Material for this exercise =
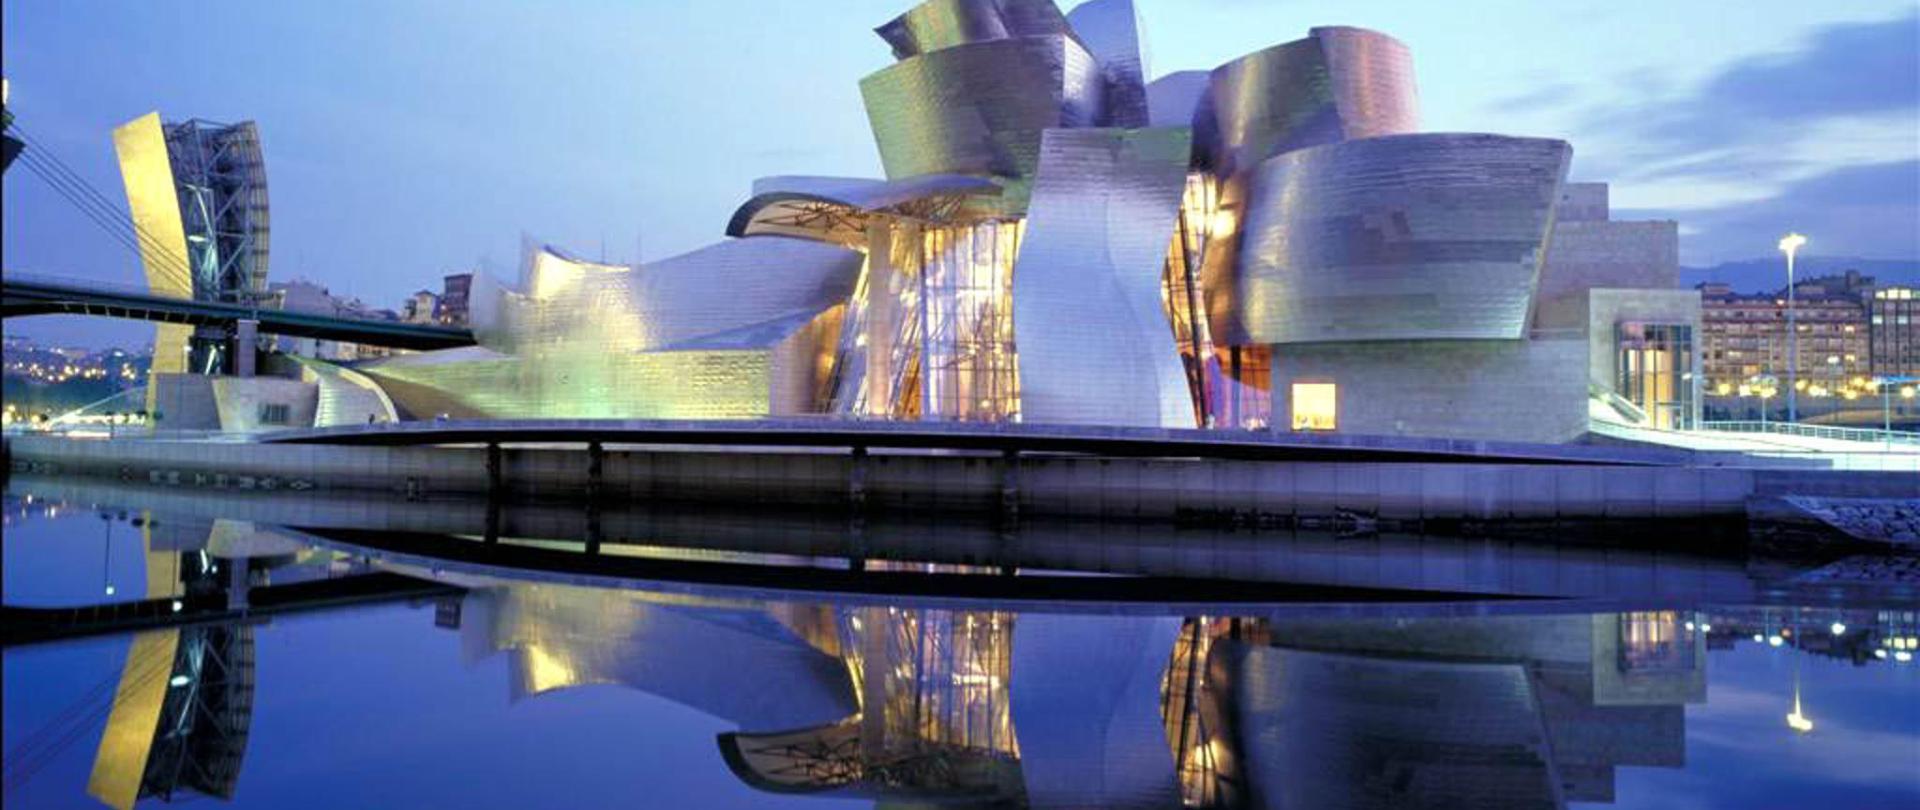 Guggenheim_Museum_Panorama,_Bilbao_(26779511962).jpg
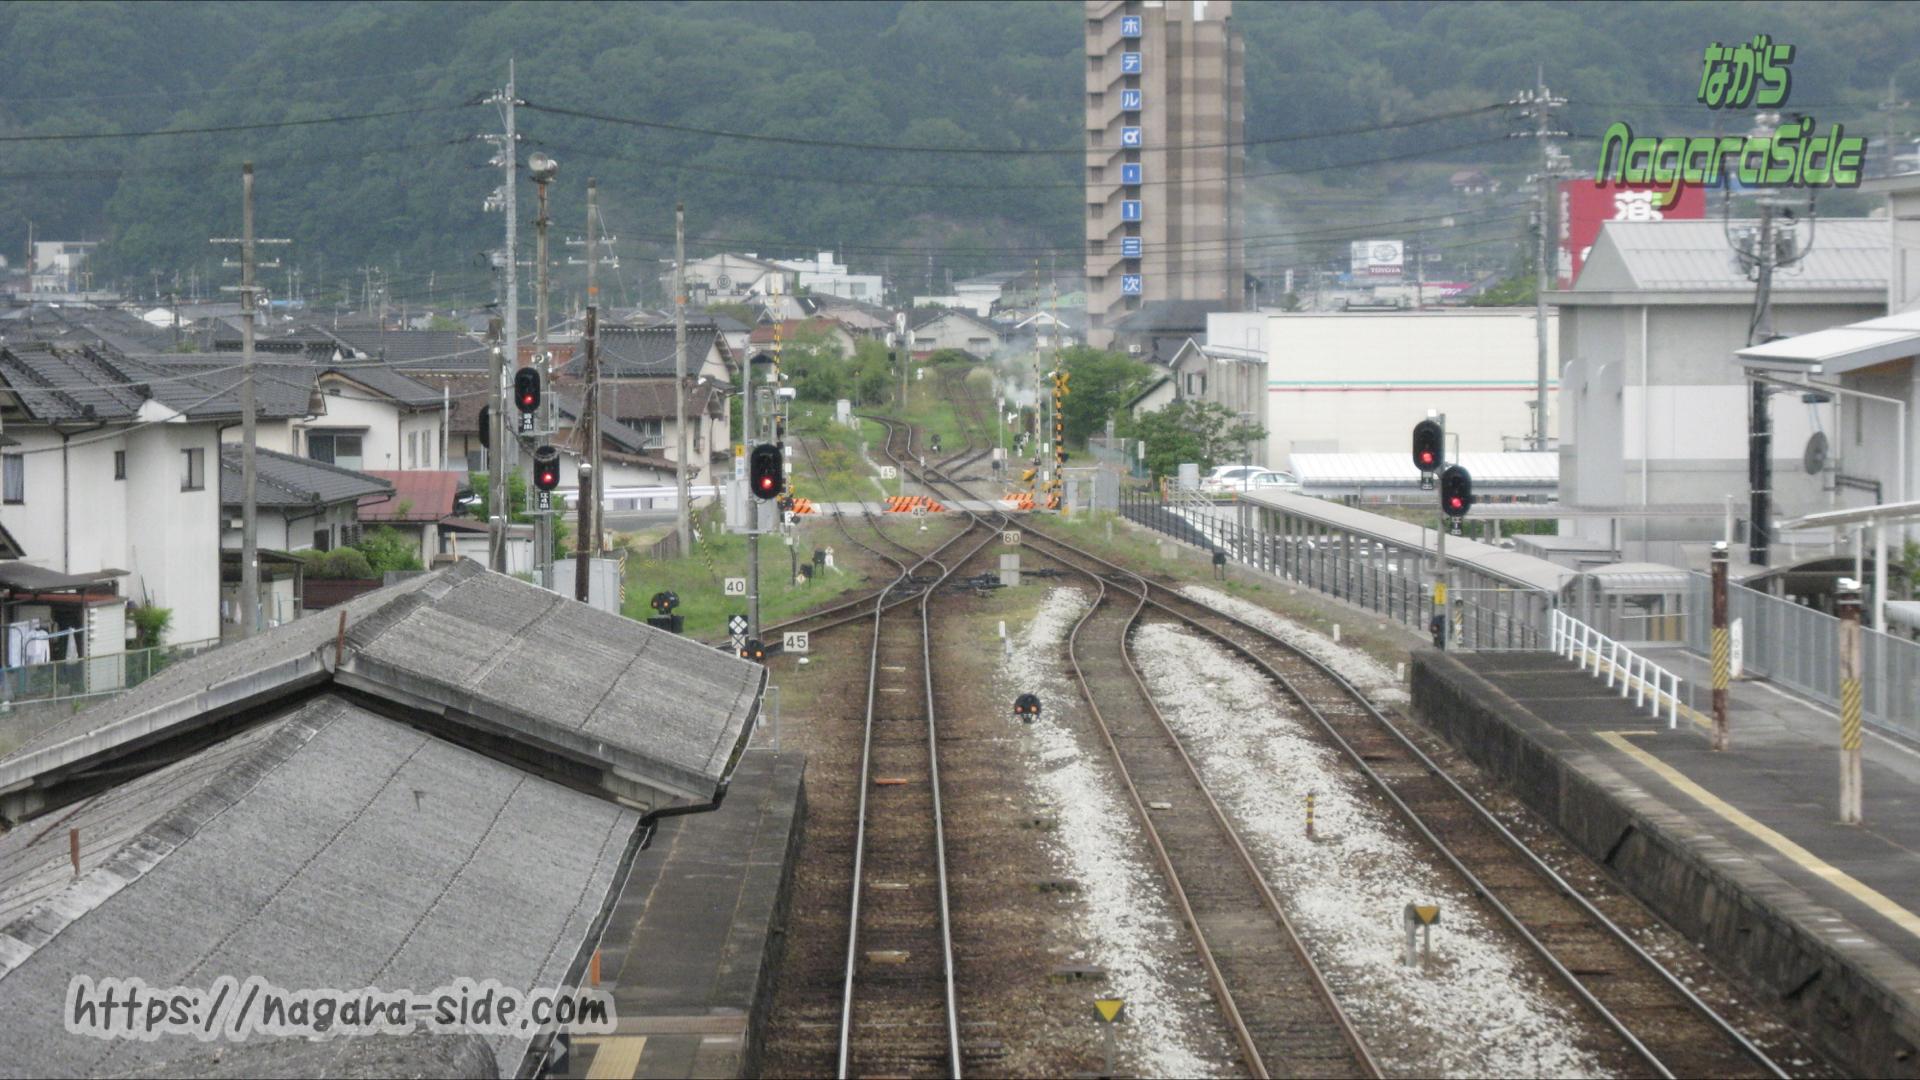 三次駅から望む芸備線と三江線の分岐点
==
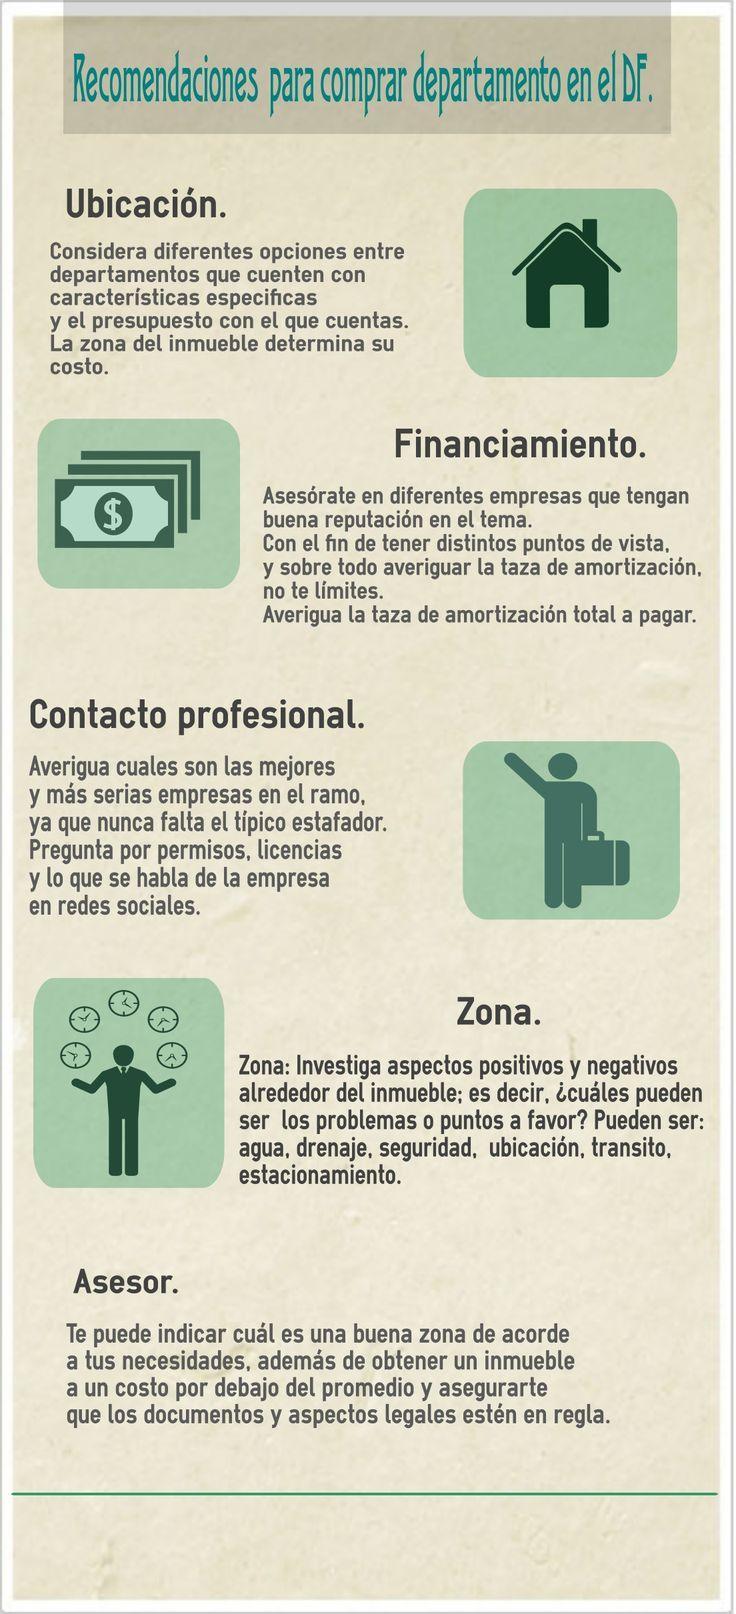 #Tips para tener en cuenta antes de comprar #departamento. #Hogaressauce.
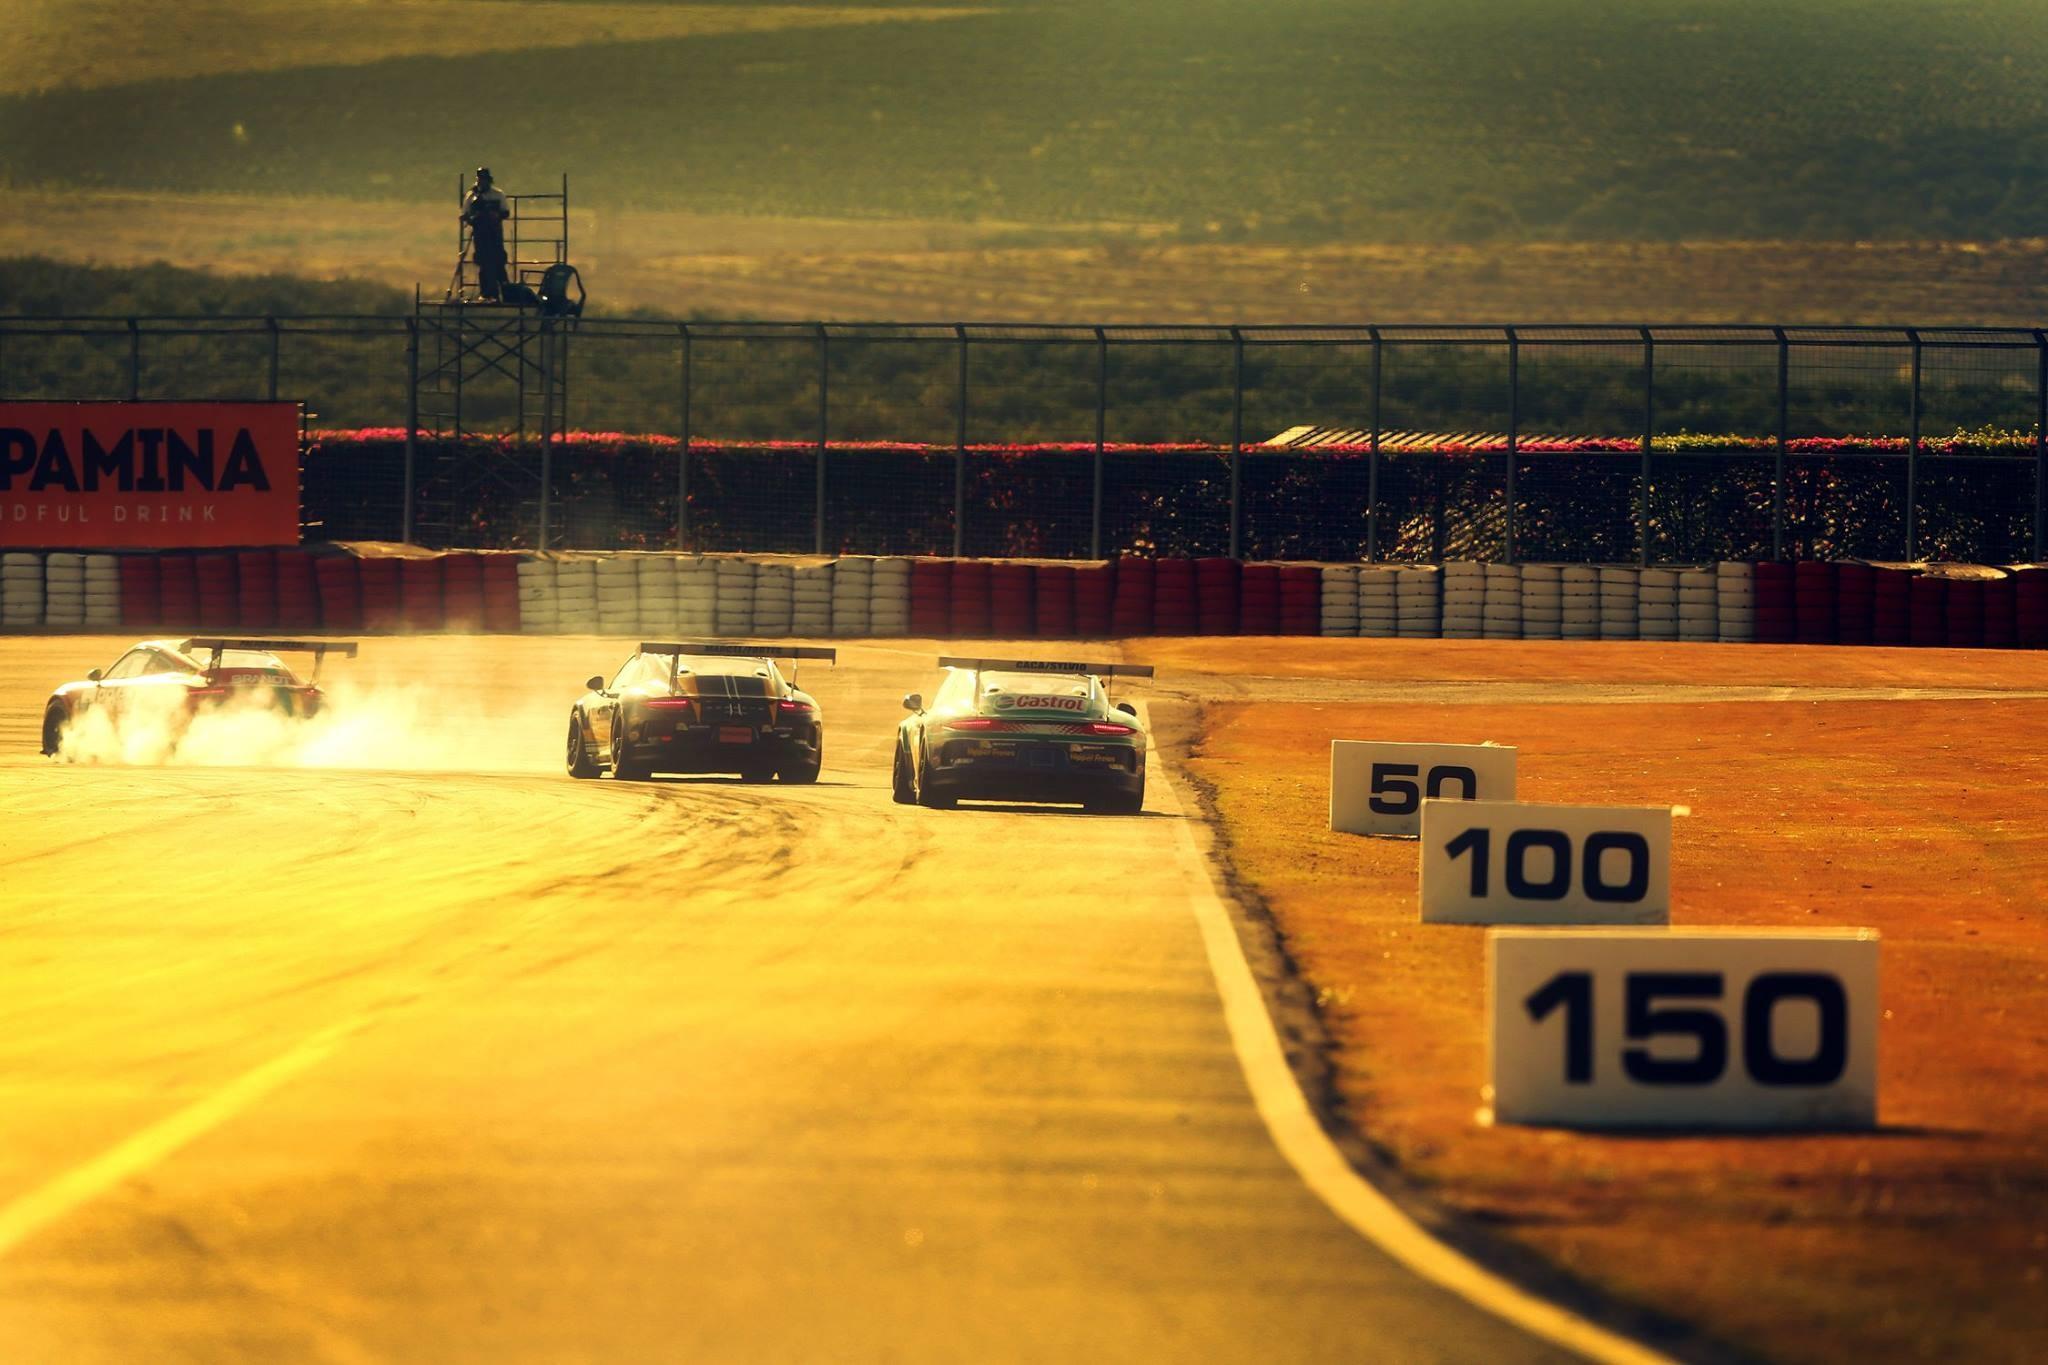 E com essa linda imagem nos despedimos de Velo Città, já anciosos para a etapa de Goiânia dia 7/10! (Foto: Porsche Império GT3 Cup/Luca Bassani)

What you should do = Leaving each picture behind, please give again exactly the lines above from the one with "Guggenheim_Museum_Panorama,_Bilbao_(26779511962).jpg" through the one with "三次駅から望む芸備線と三江線の分岐点", both included, and no others.

Exercise answer =
 Guggenheim_Museum_Panorama,_Bilbao_(26779511962).jpg
 三次駅から望む芸備線と三江線の分岐点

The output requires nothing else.